§ Task to carry out:
Here the job is to repeat the listing exactly, but not the pictures in it.

§ Material provided:

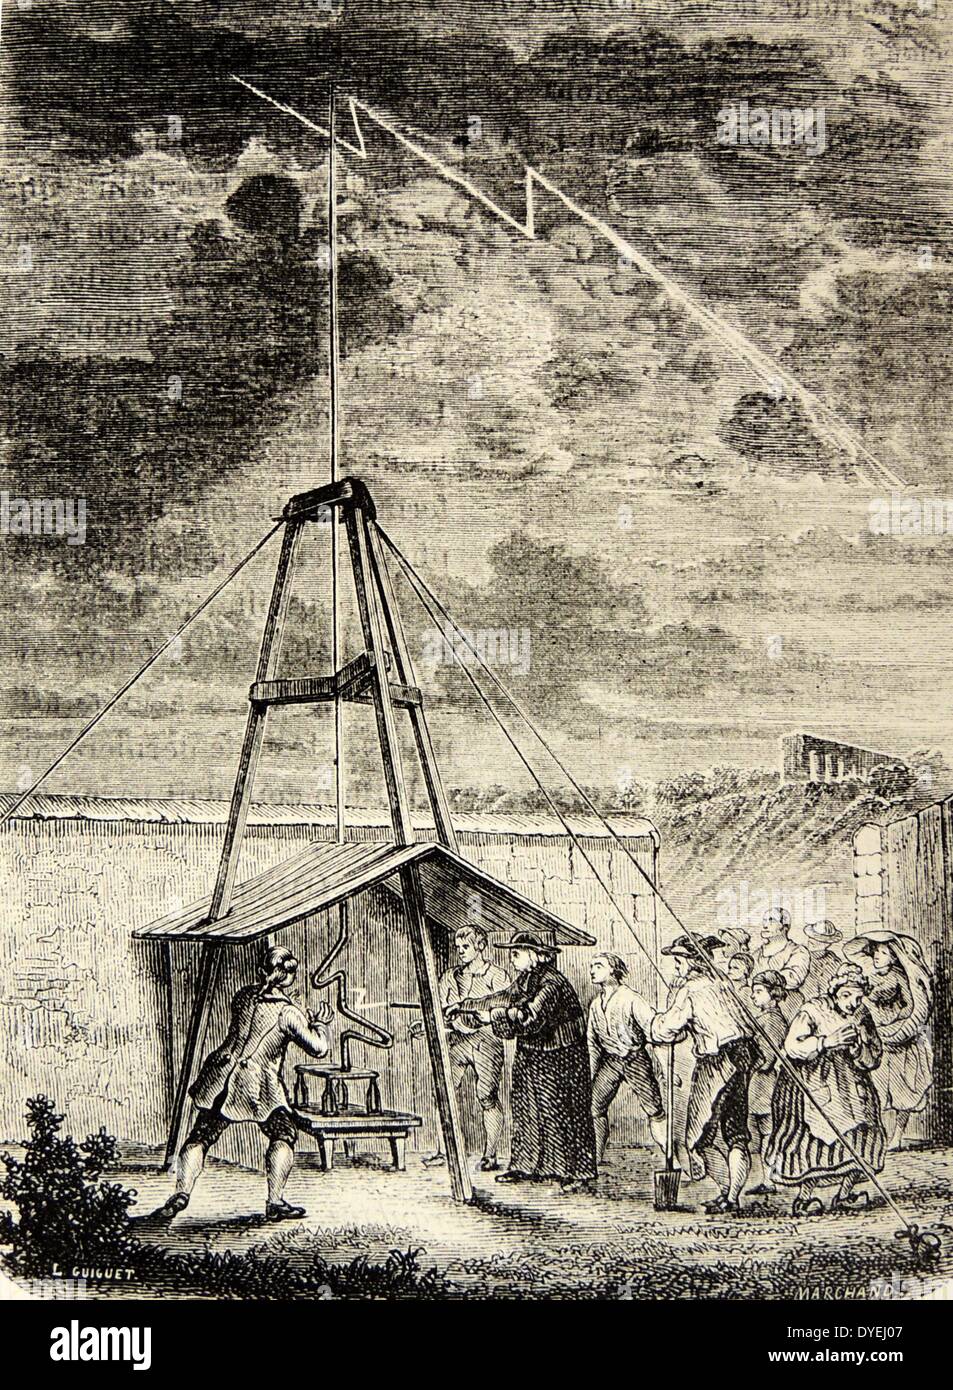 Thomas Dalibard (1803-1779) botaniste français, ce qui démontre la nature électrique de la foudre 10 mai 1752, Franklin's kite expérience précédente. Toutefois, il a été demandé que les écrits de Franklin Dalibard's experiment. La gravure, Paris, 1870. Banque D'Images
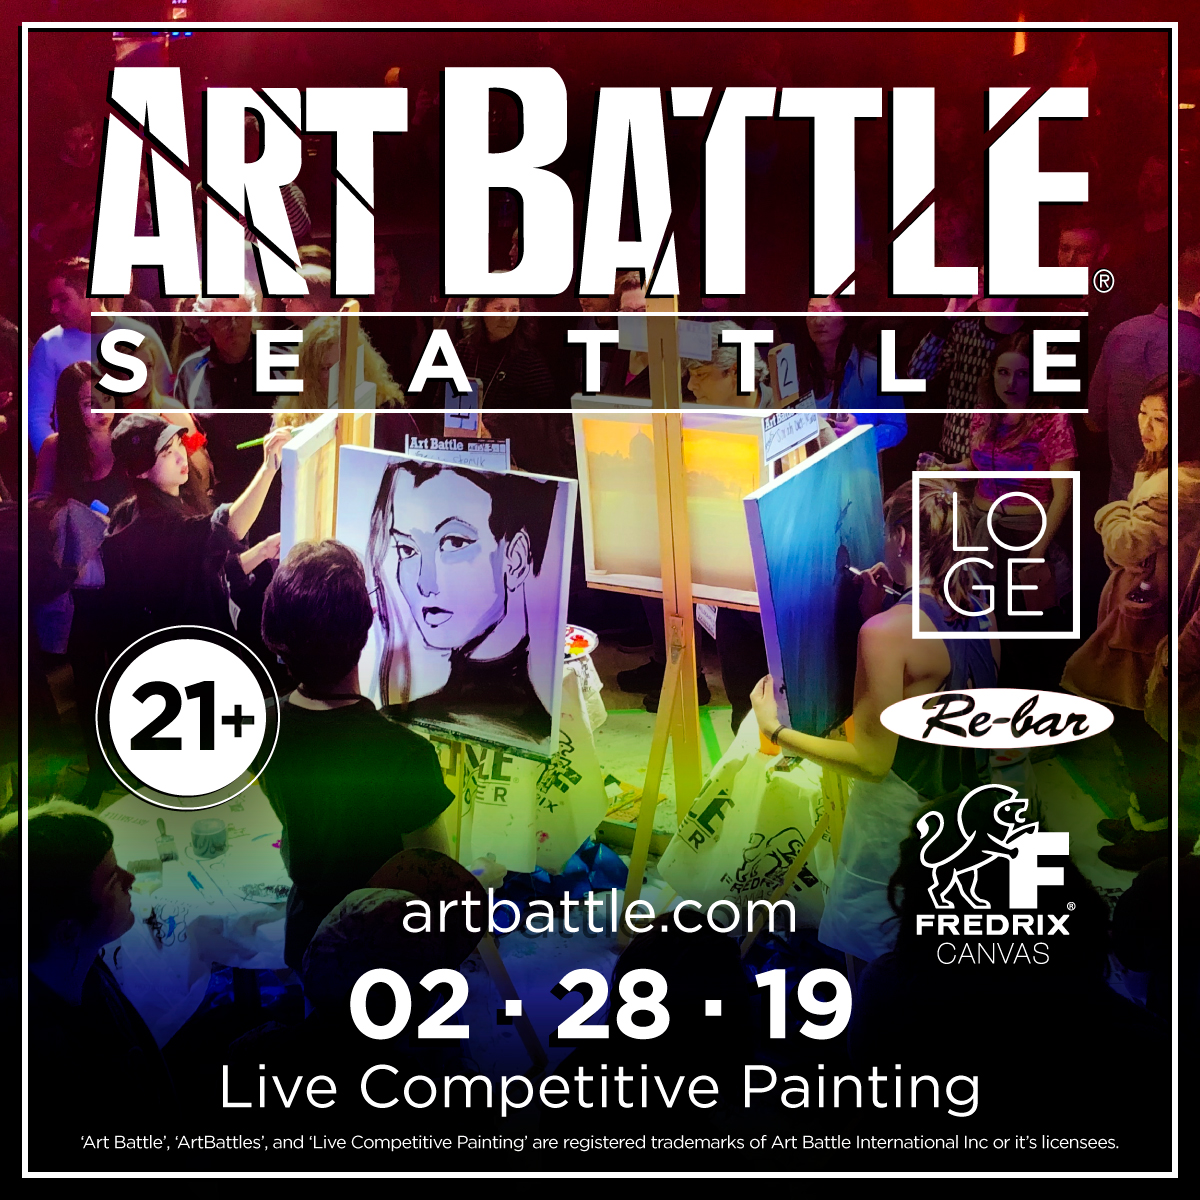 Art Battle Re Bar Event Poster
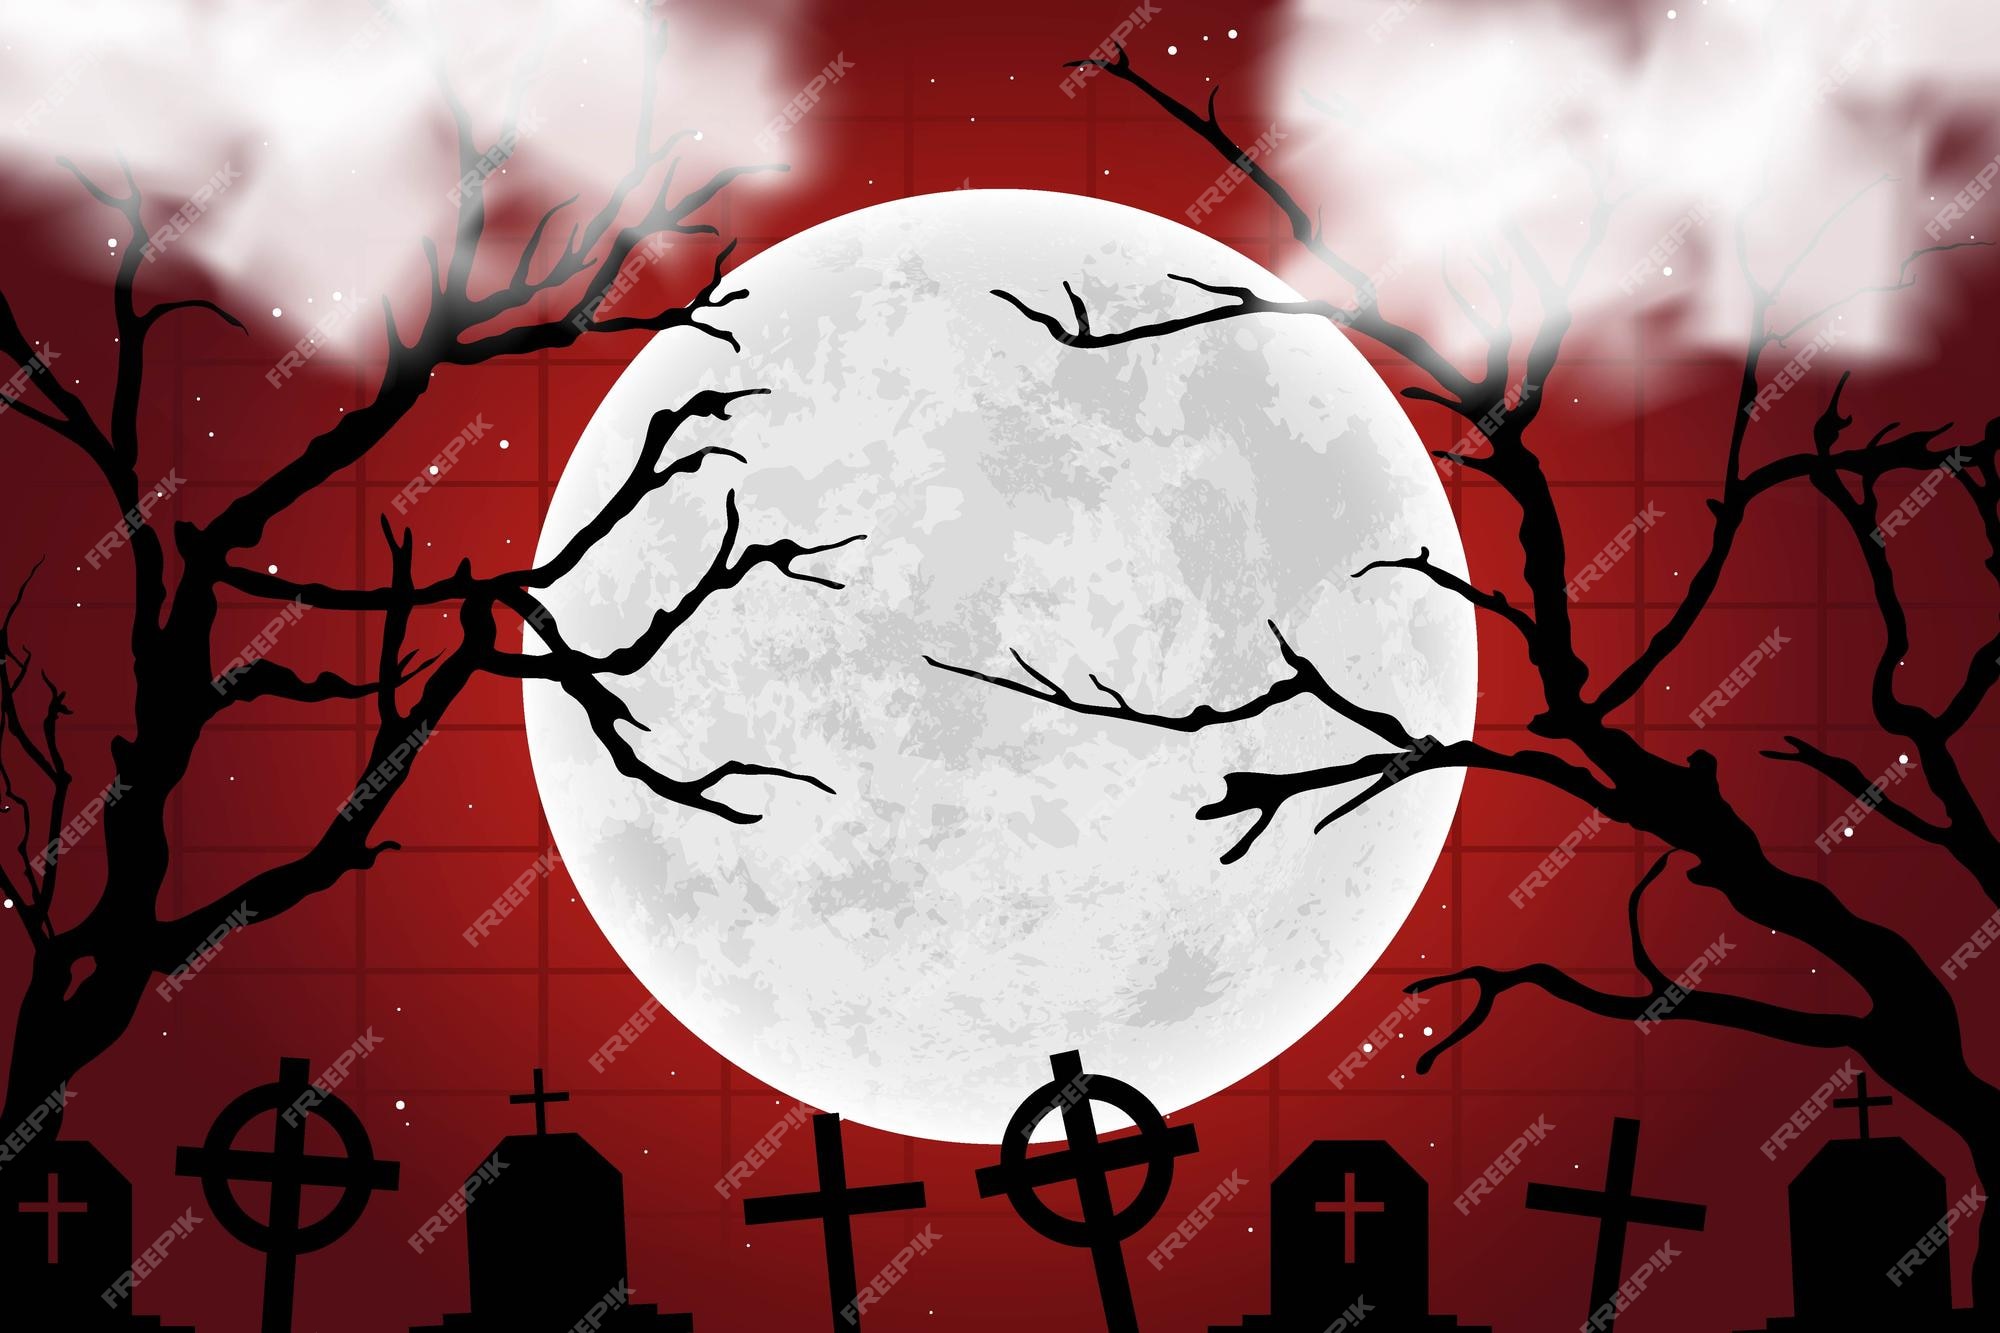 Metalen lijn kunst In Premium Vector | Moon on cemetery red terror scary halloween style template  background creepy wallpaper banner design

§ Response box:
 Thomas Dalibard (1803-1779) botaniste français, ce qui démontre la nature électrique de la foudre 10 mai 1752, Franklin's kite expérience précédente. Toutefois, il a été demandé que les écrits de Franklin Dalibard's experiment. La gravure, Paris, 1870. Banque D'Images
 Art Battle Re Bar Event Poster
 Metalen lijn kunst In Premium Vector | Moon on cemetery red terror scary halloween style template  background creepy wallpaper banner design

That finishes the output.